Hang on a second. I feel that you're piling on other resolver changes in order to make a point. I'm not suggesting that the tolerance for DNS response times be reduced. Nor am I suggesting a scenario where the authority gets one shot after their TTL, after which they're considered dead forever. I would expect my caching DNS resolver to periodically re-attempt to resolve with the authority once we've entered the period after the authority's TTL.

> Leak a route, DDoS a DNS provider, and watch as traffic everywhere goes to an attack server because servers everywhere "protect" people by serving known-stale data rather than failing safe.

I think you're suggesting that someone could commandeer an IP and then prevent the rightful owner to correct their DNS to point to a temporary new IP.

Isn't the real problem in this scenario the ability to commandeer an IP? The malicious actor would also need to be able to provide a valid certificate at the commandeered IP. And at that point, I feel we've got a problem way beyond DNS resolution caching. Besides, if what you have proposed is possible, isn't it also possible against any current domain for the duration of their authoritative TTL? That is, a domain that specifies an 8-hour TTL is vulnerable to exactly this kind of scenario for up to an 8-hour window. Has this IP commandeering and certificate counterfeiting happened before?

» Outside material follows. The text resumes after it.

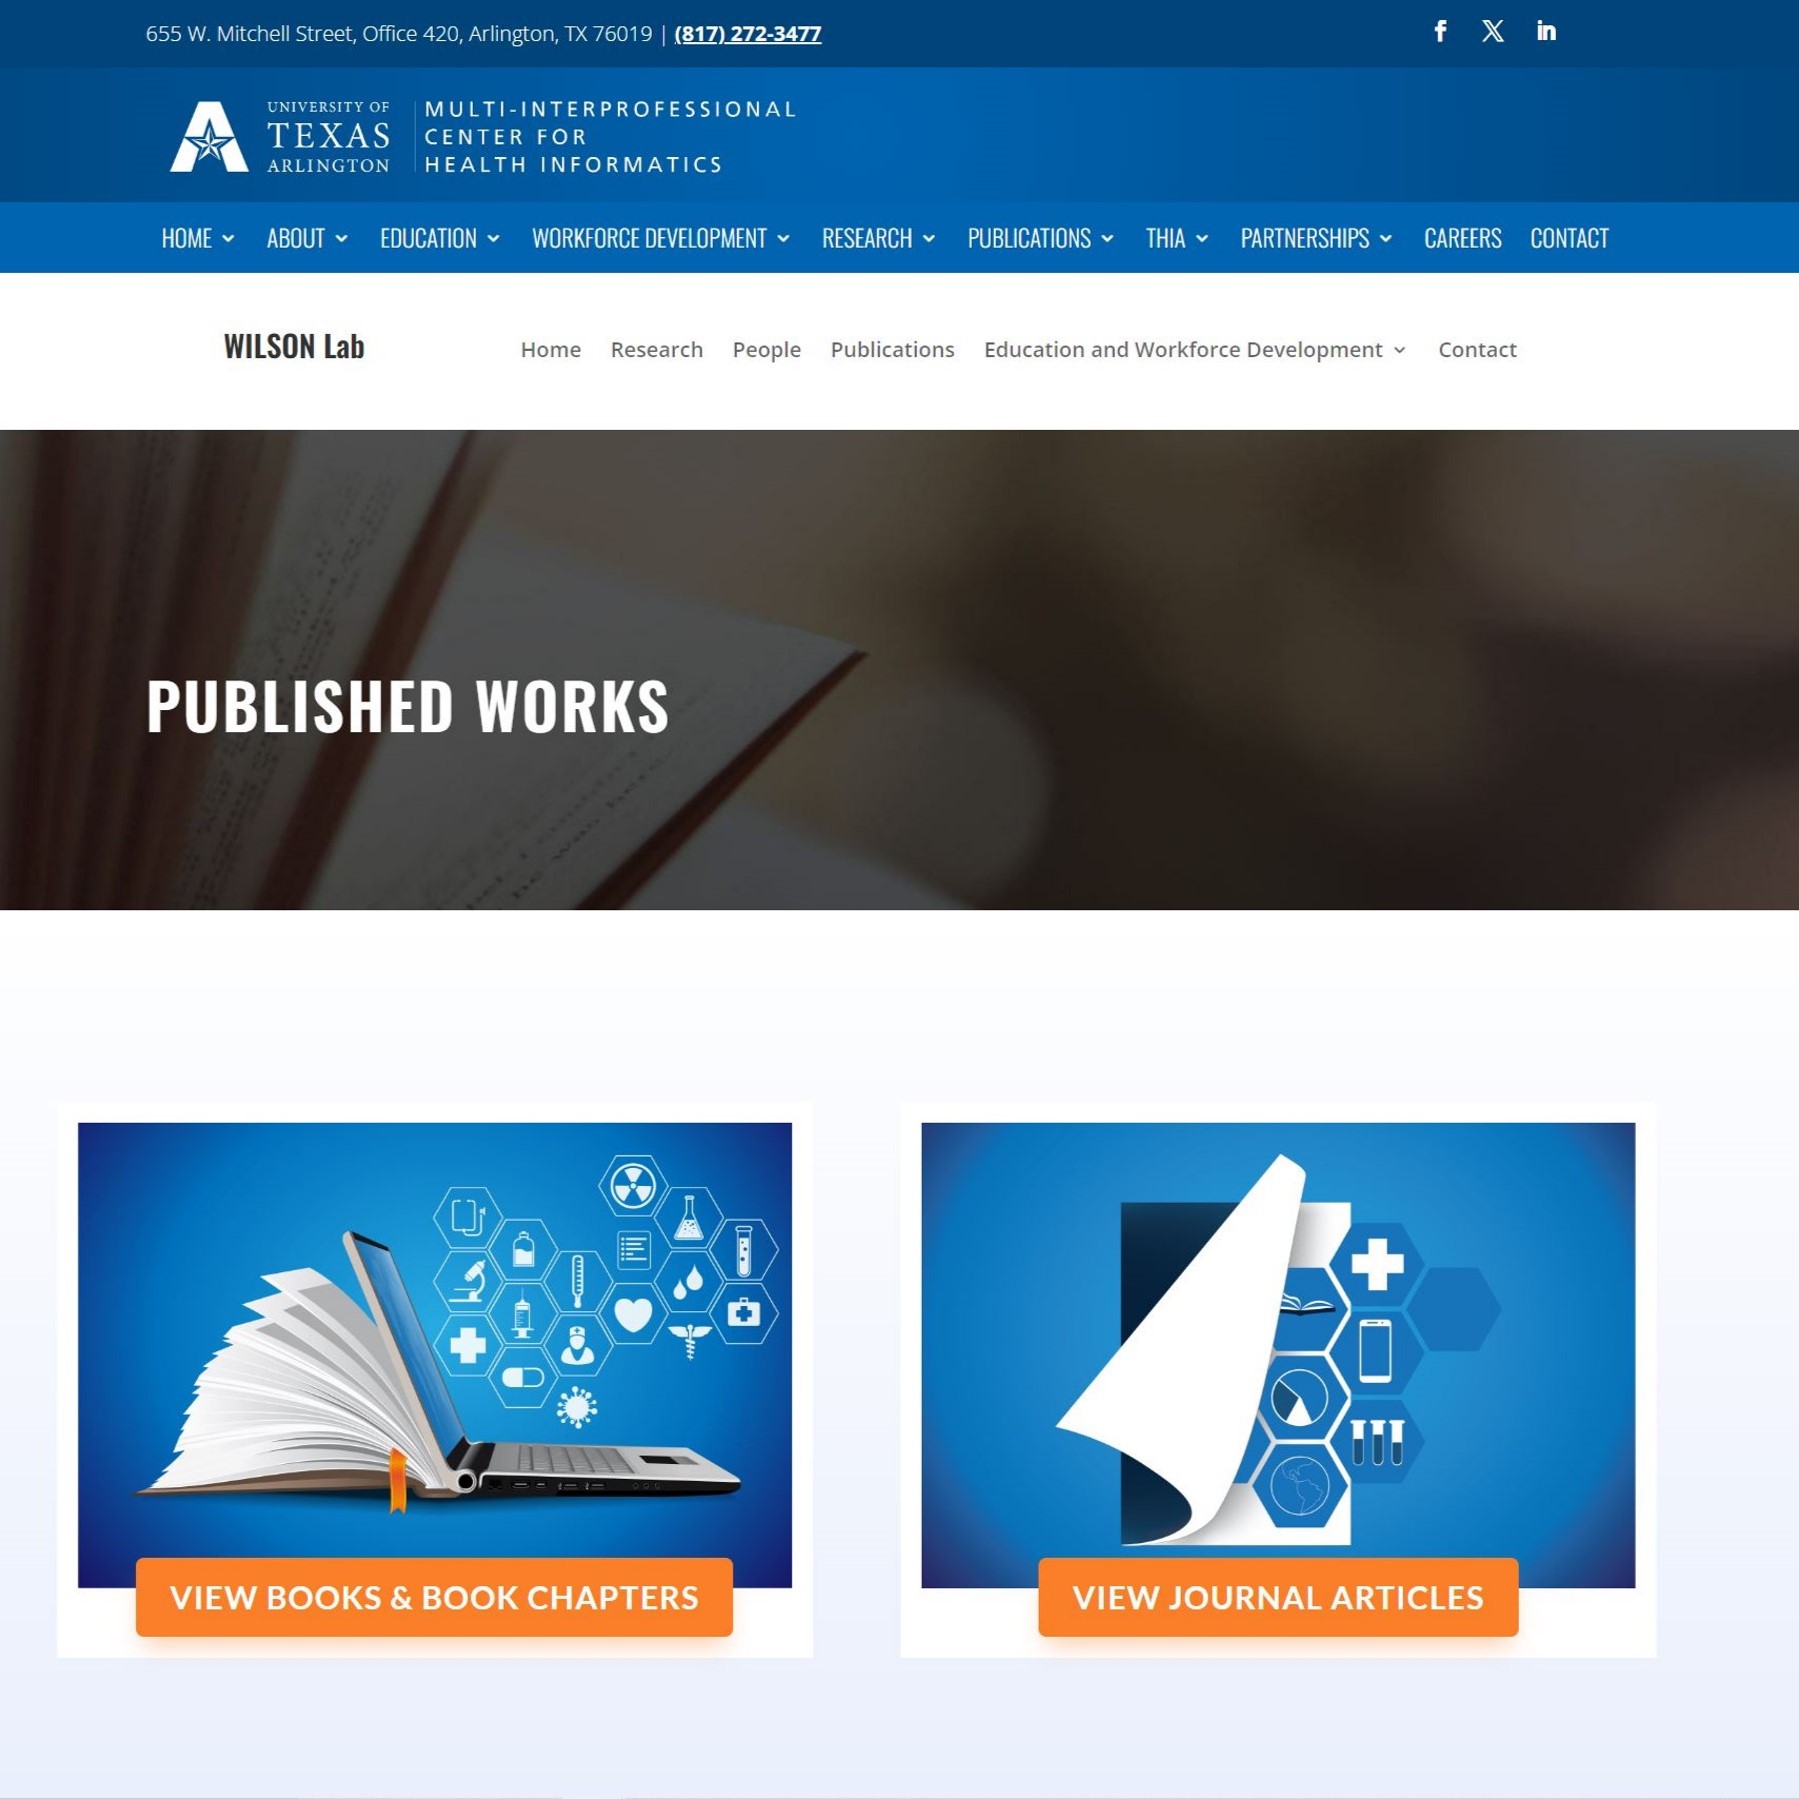 Image of the Wilson labs publications page

> Hang on a second. I feel that you're piling on other resolver changes in order to make a point.

Yes. The point I am making is the additional failure modes that need to be considered and the pain they can cause. Historically have caused.

At no point did I ever think you were suggesting that one failure to respond renders a server dead to your resolver forever. Instead, I expect that your resolver will see a failure to respond from a resolver a high percentage of the time, leading to frequent serving of stale data.

> Isn't the real problem in this scenario the ability to commandeer an IP?

You're absolutely right! The real problem here is the ability to commandeer an IP.

However, that the real problem is in another castle does not excuse technical design decisions that compound the real problem and increase the damage potential.

> Instead, I expect that your resolver will see a failure to respond from a resolver a high percentage of the time, leading to frequent serving of stale data.

If this were true, the current failure mode would have end users receiving NX DOMAIN a "high percentage of the time," which obviously is not happening.

{edit: To be clear, I'm reading the quote as you stating that "failure to resolve" currently happens a high percentage of the time, and therefore this new logic would result in extended TTLs more often than the original post would assume they would happen}

> However, that the real problem is in another castle does not excuse technical design decisions that compound the real problem and increase the damage potential.

It's fair to point out that this change, combined with other known issues could create a "perfect storm," but as was pointed out this exploit is already possible within the current authoritative TTL window. Exploiting the additional caching rules would just be a method of extending that TTL window.

On the other hand, where do you draw the line here? If you had to make sure that no exploits were possible most of the systems that exist today would never have gotten off the ground. It seems a bit like complaining that the locks to the White House can be exploited (picked), while missing the fact that they are only supposed to slow someone down before the "men with guns" can react.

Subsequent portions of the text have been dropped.